Lenten Reflection 3.9.12

They say that a lot more gets done if you don’t care who gets the credit. In the New Testament we are told to give without expecting anything in return. That means not even expecting to be thanked. I don’t think that idea goes over very well. Many organizations, including the church, spend a lot of effort recognizing and thanking workers and volunteers. There are gifts and notes and plaques and lunches and parties and all kinds of ways that people are thanked for their efforts especially if they are volunteers. Then there are the big thank you’s like naming a building after a big donor and things like that. The fact is that most people expect to be recognized for their contributions and want to be thanked.

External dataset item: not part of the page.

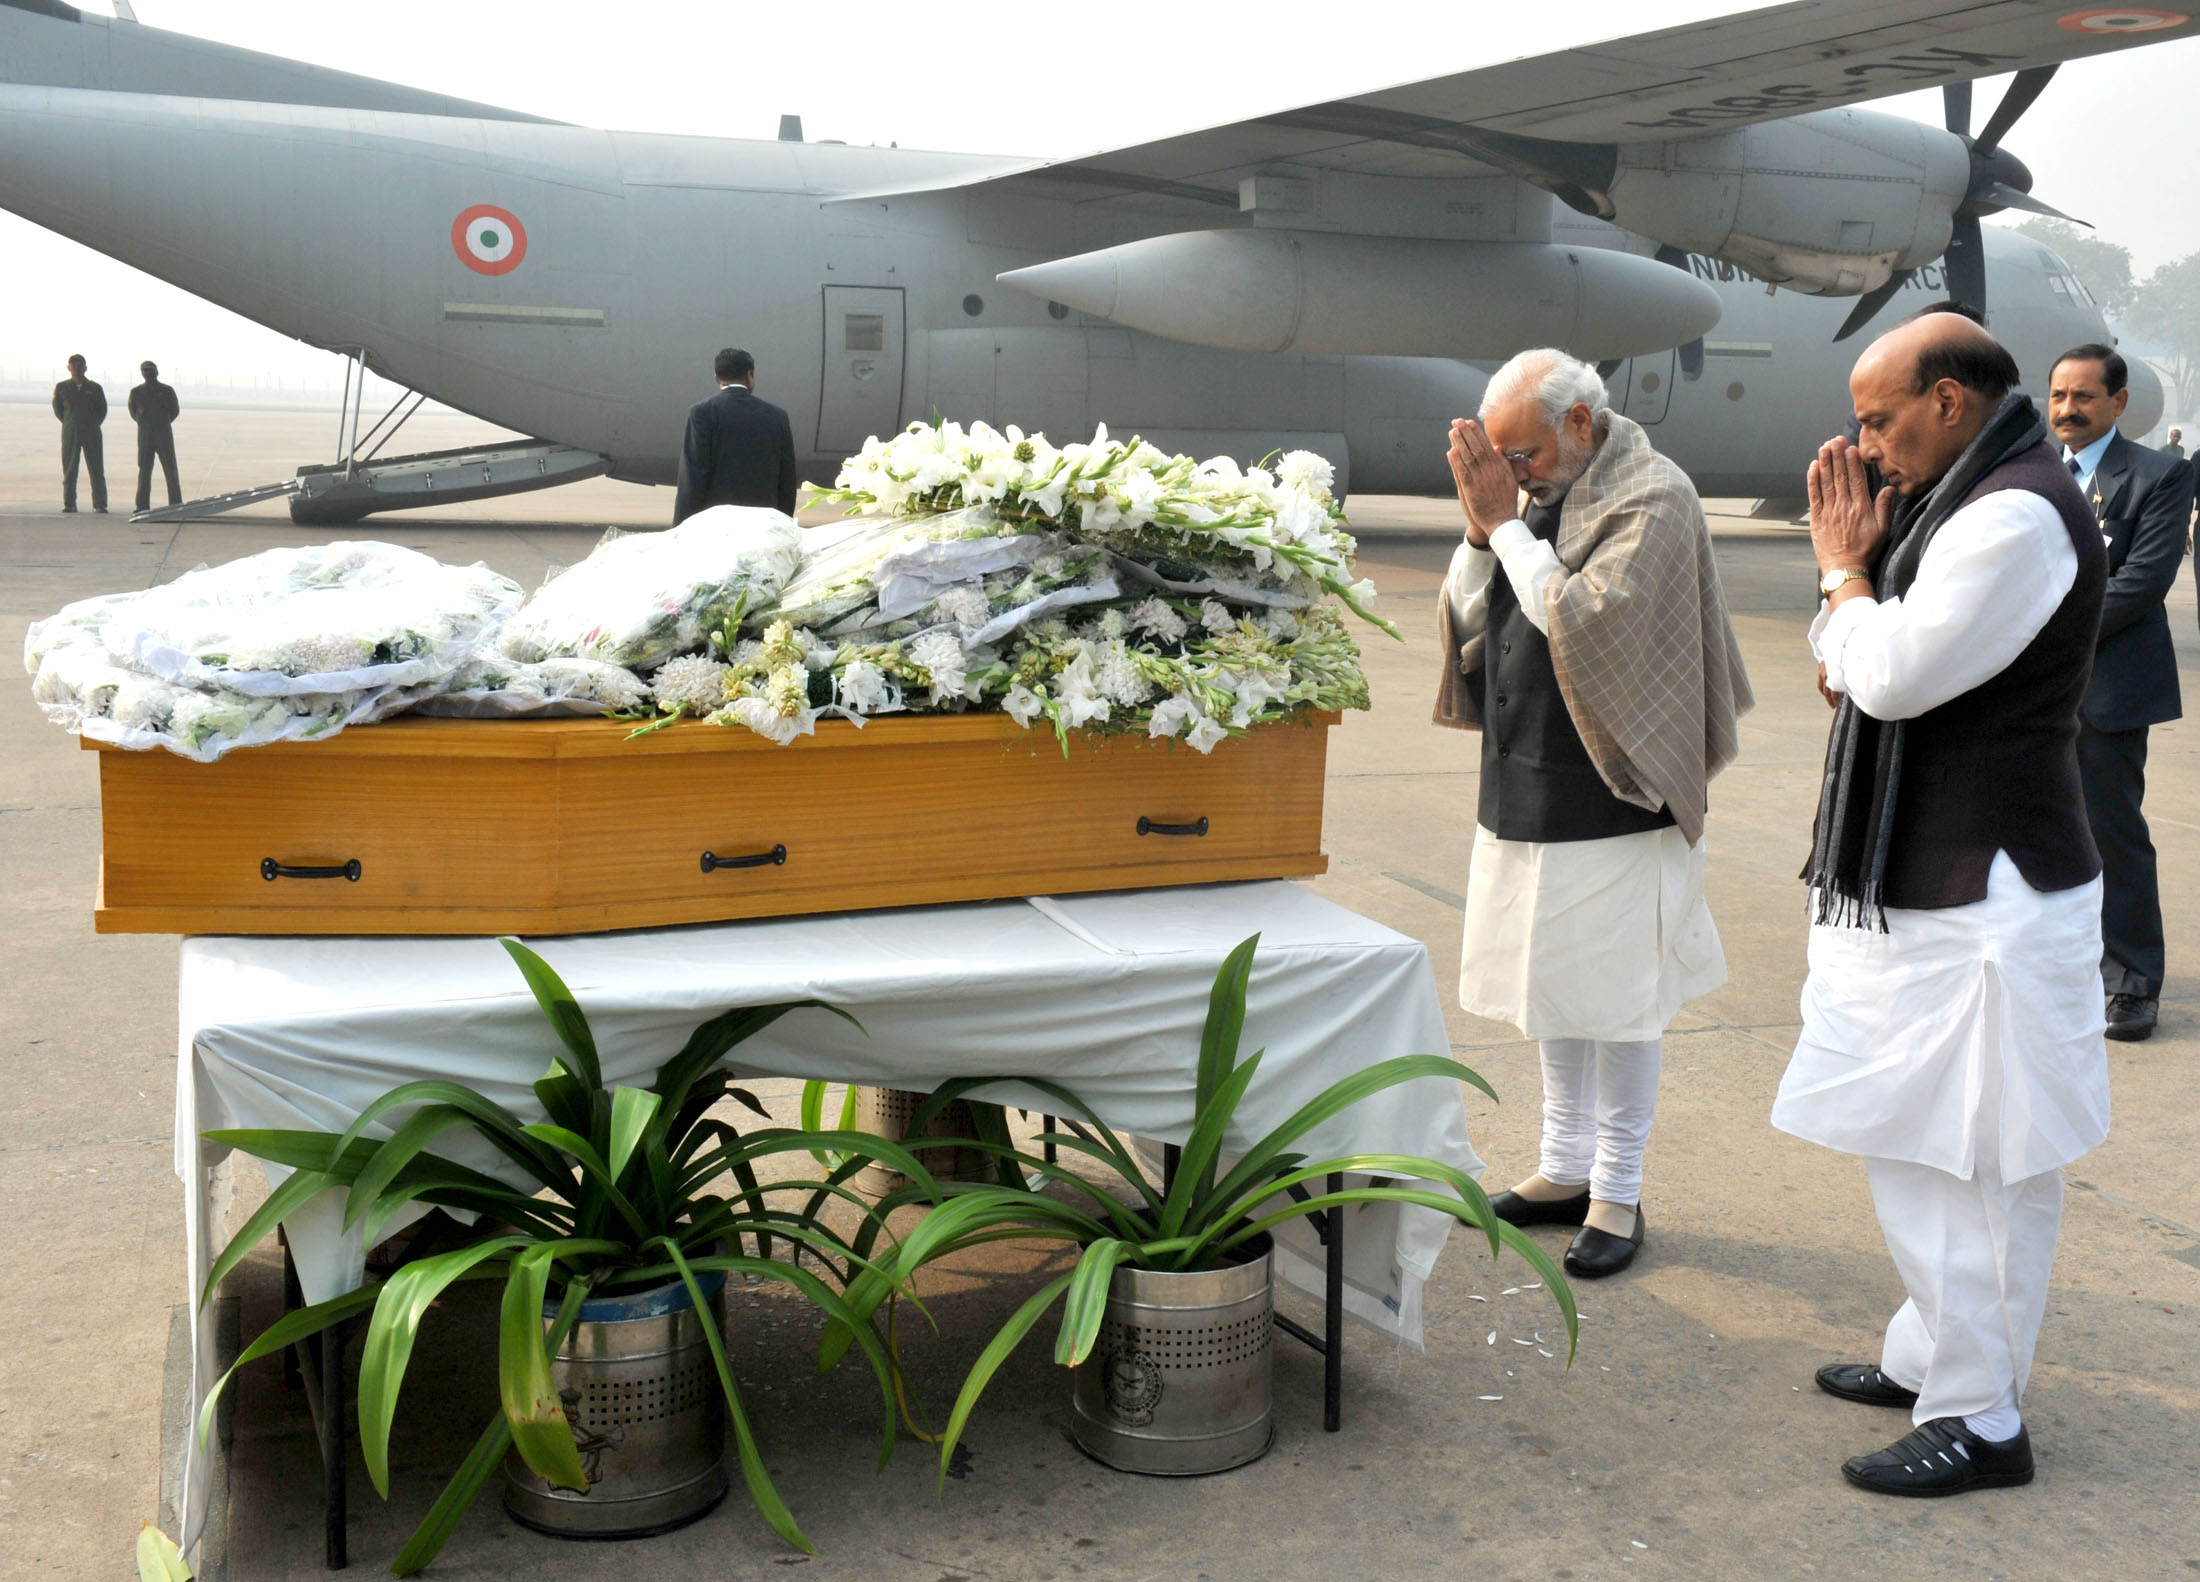 The Prime Minister, Shri Narendra Modi paying homage at the mortal remains of Shri Mufti Mohammad Sayeed, at Palam Airport, in New Delhi on January 07, 2016.   	The Union Home Minister, Shri Rajnath Singh is also seen.

In Psalm 22 the writer tells of extolling God to the dead, to posterity, to future generations, to the those yet unborn, to all the families and nations of the earth. The people have been delivered, kept safe, been accompanied through affliction, and the poor have been fed. How has this happened? Who is responsible? The writer celebrates that, “God has done it.” God has done all these things and more. The writer takes no credit for anything. The writer gives no credit to any other source. Everything good and needed is attributed to God. God is the source. God sustains life. God makes it possible to live each day. God gets people through difficulties and problems. God. So the Psalm celebrates, “God has done it.”

I am wondering how things would be different if we took that attitude: If we focused on giving credit to God? What would it be like if we were continually thanking God? What if we were celebrating that each day is a gift from God? What if we praised God for everything that gets accomplished? After all, God is the source. What if we put the focus on God? The sub text here is: What if we put the focus, the gratitude, the appreciation, and the recognition on God and not on us, not on others, not on this one or that one or this organization or that committee, but on God? I think this would eliminate a lot of selfishness and self centeredness. I think it would free us from our insatiable egos that want to be fed acknowledgment and gratitude and recognition and praise. I think it would contribute to our life as other-centered servants and relieve us of all kinds of petty hurt and strife and disappointment. “God has done it.” Try having that for a motto, an affirmation, a response, especially when you are thanked for something. “God has done it.” By taking this approach, I think a lot more would get done and the world would be better for it.

Prayer
We work and strive and exert ourselves and sometimes forget that everything we do is because of what we have been given. We have been given life, and love, and opportunity, and resources. We are only able to live our days because of what has been and is being done for us. May we always remember, “God has done it!” Not only will this bring us greater joy, but it will make the world a better place for everyone. Amen.

Note: Speaking of “God has done it,” Mary Stokes of our congregation celebrates three years of being cancer-free today. Thank God!